OCR-Free Transcript Alignment
Published in International Conference on Document Analysis and Recognition (ICDAR), Washington DC, 2013
Recommended citation: Tal Hassner, Lior Wolf, and Nachum Dershowitz. OCR-Free Transcript Alignment. International Conference on Document Analysis and Recognition (ICDAR), Washington DC, 2013.
Abstract
Recent large-scale digitization and preservation efforts have made images of original manuscripts, accompanied by transcripts, commonly available. An important challenge, for which no practical system exists, is that of aligning transcript letters to their coordinates in manuscript images.

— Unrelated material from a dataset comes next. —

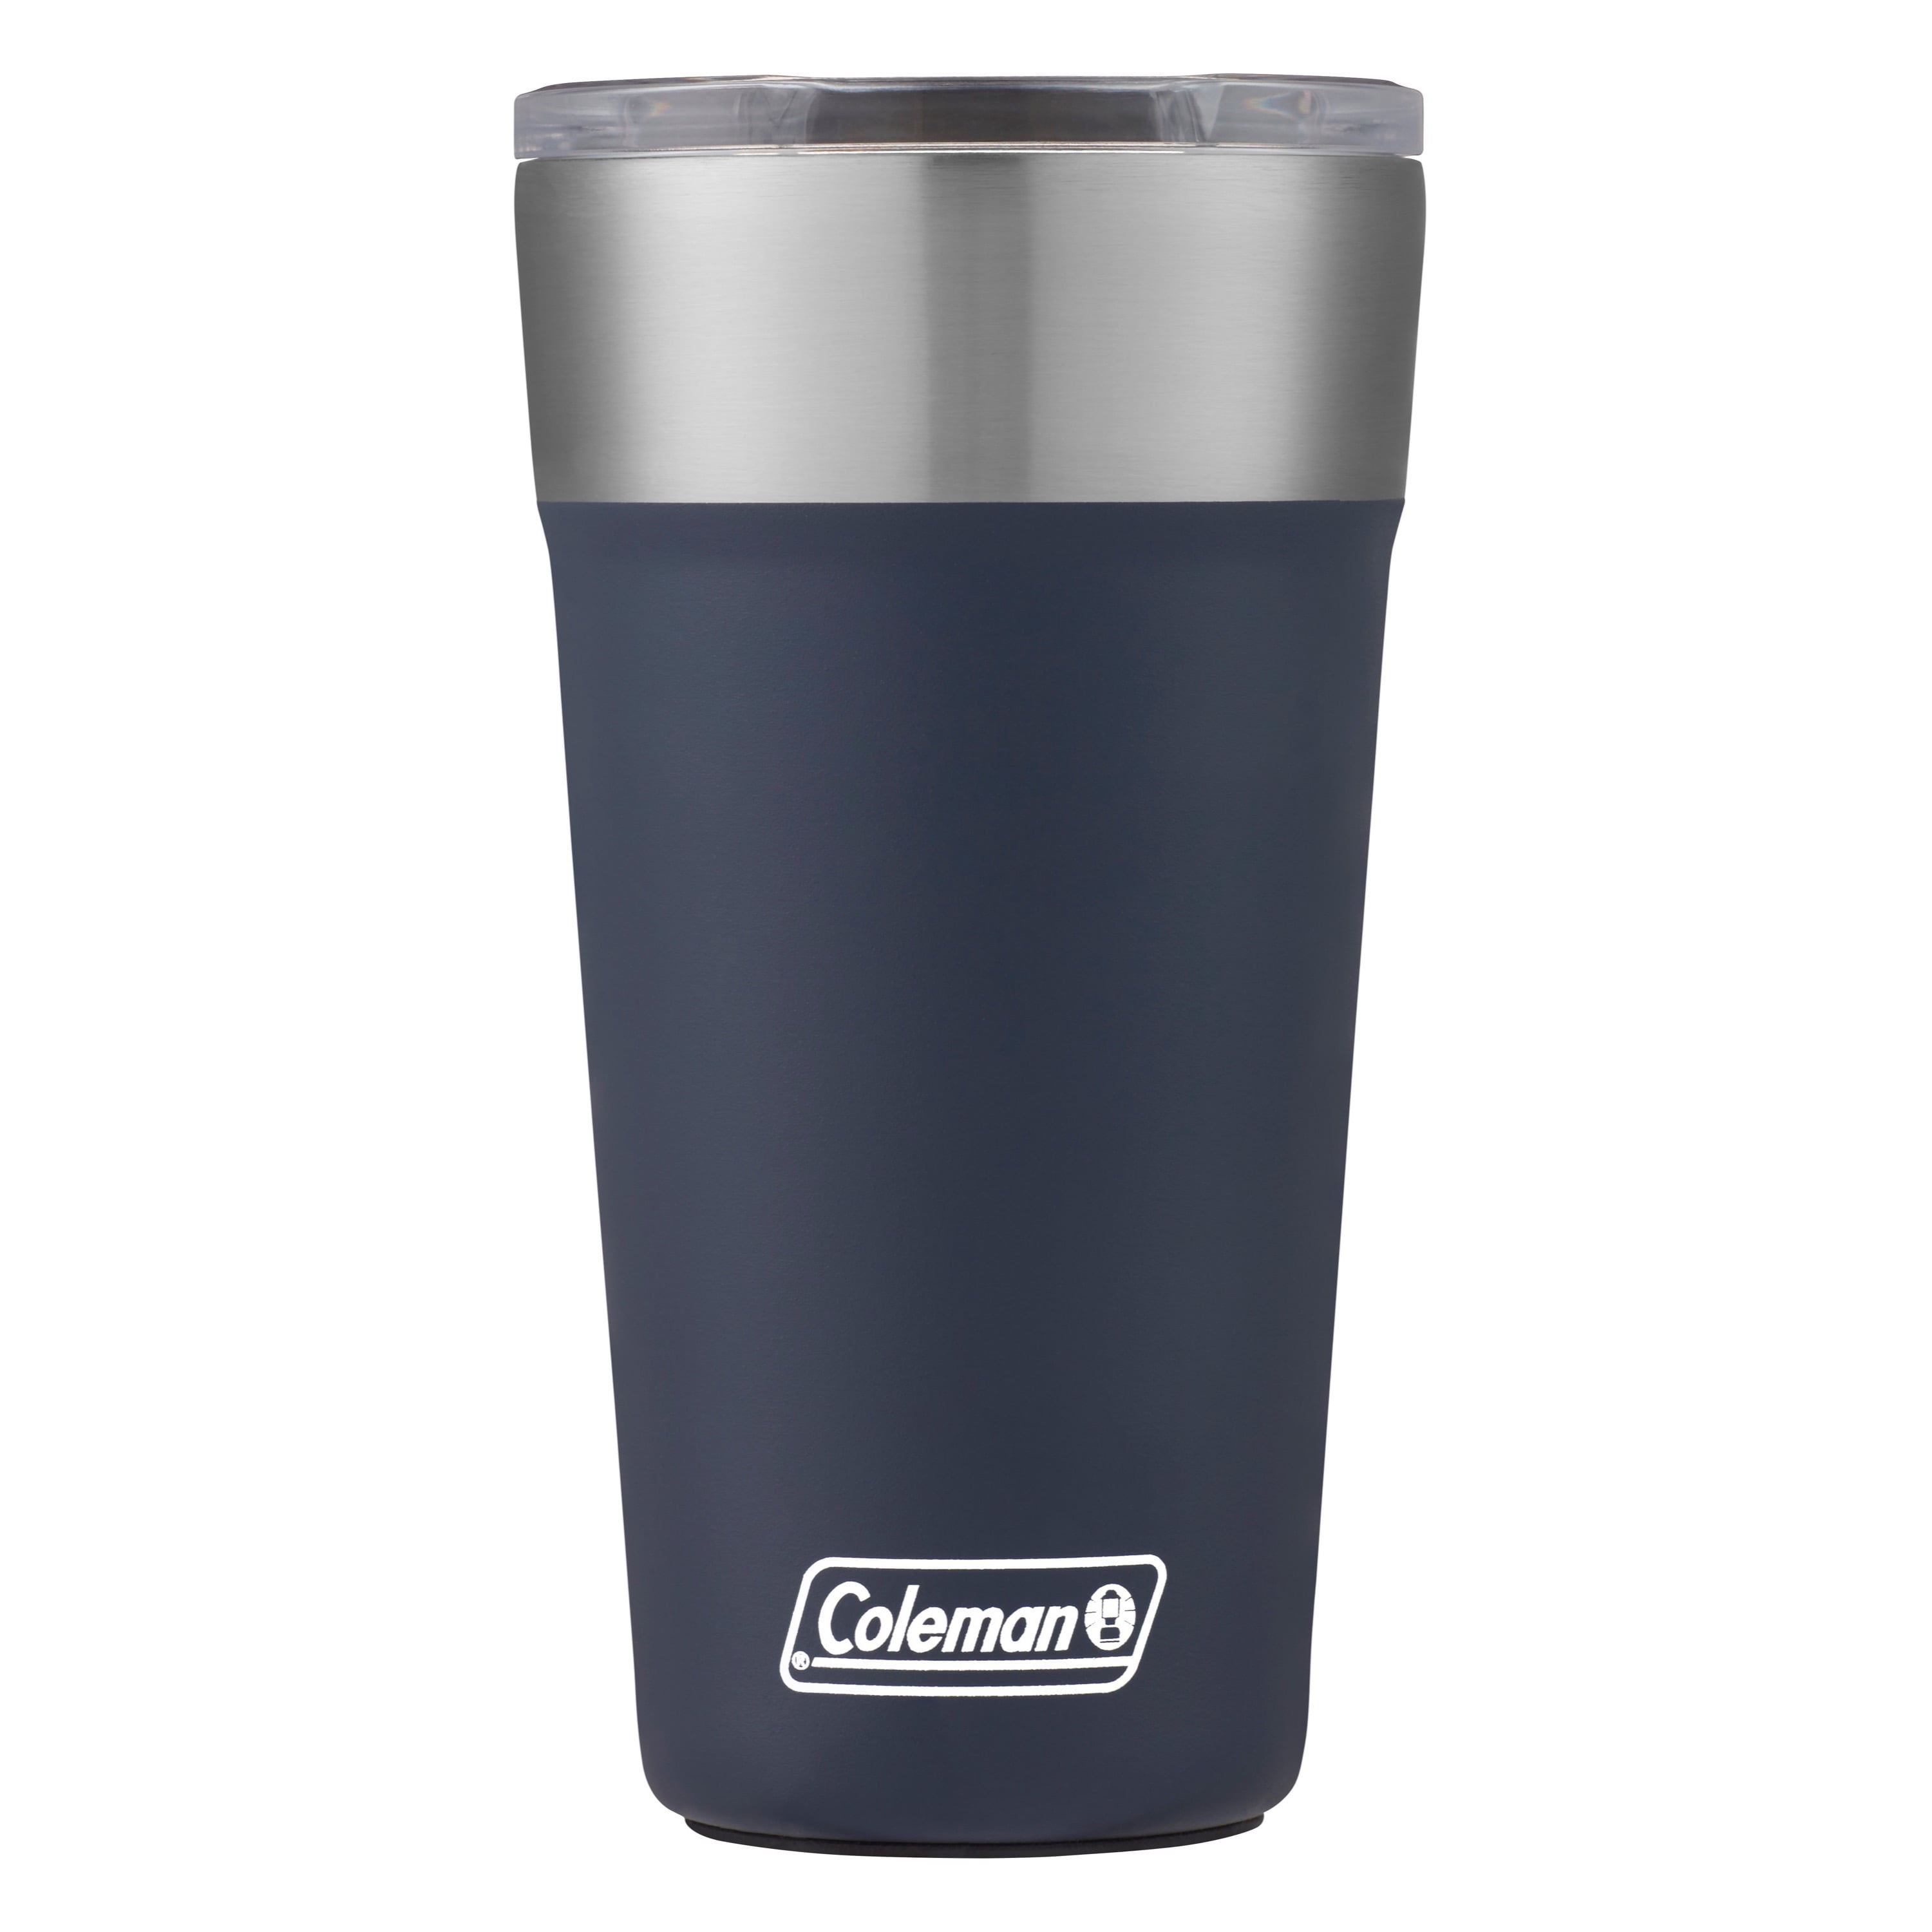 Coleman Brew Insulated Stainless Steel Tumbler, 20 oz., Blue Nights

Here we propose a system that directly matches the image of a historical text with a synthetic image created from the transcript for the purpose. This, rather than attempting to recognize individual letters in the manuscript image using optical character recognition (OCR). Our method matches the pixels of the two images by employing a dedicated dense flow mechanism coupled with novel local image descriptors designed to spatially integrate local patch similarities. Matching these pixel representations is performed using a message passing algorithm. The various stages of our method make it robust with respect to document degradation, to variations between script styles and to non-linear image transformations. Robustness, as well as practicality of the system, are verified by comprehensive empirical experiments.
The stages of the proposed dense-flow method. (a) Our input is a historical manuscript image, along with a line-by-line transcript of the text. (b, left) Each manuscript line is binarized, horizontally projected and trimmed; (b, right) the matching transcript line is rendered using an appropriate font to produce a matching reference image. (c) FPLBP codes [Wolf, Hassner, and Taigman, ECCVw, 2008] are produced for the two images (shown color coded). (d) Each pixel is represented by a 16-valued, weighted histogram of the FPLBP codes in its elongated neighborhood. A SIFT flow [Liu, Yuen, and Torralba, TPAMI 2011] variant is then applied to form dense correspondences between these representations in the two views. (e) The output flow (color coded) assigns a matching pixel from the rendered image, along with its known character label, to each pixel in the manuscript line image.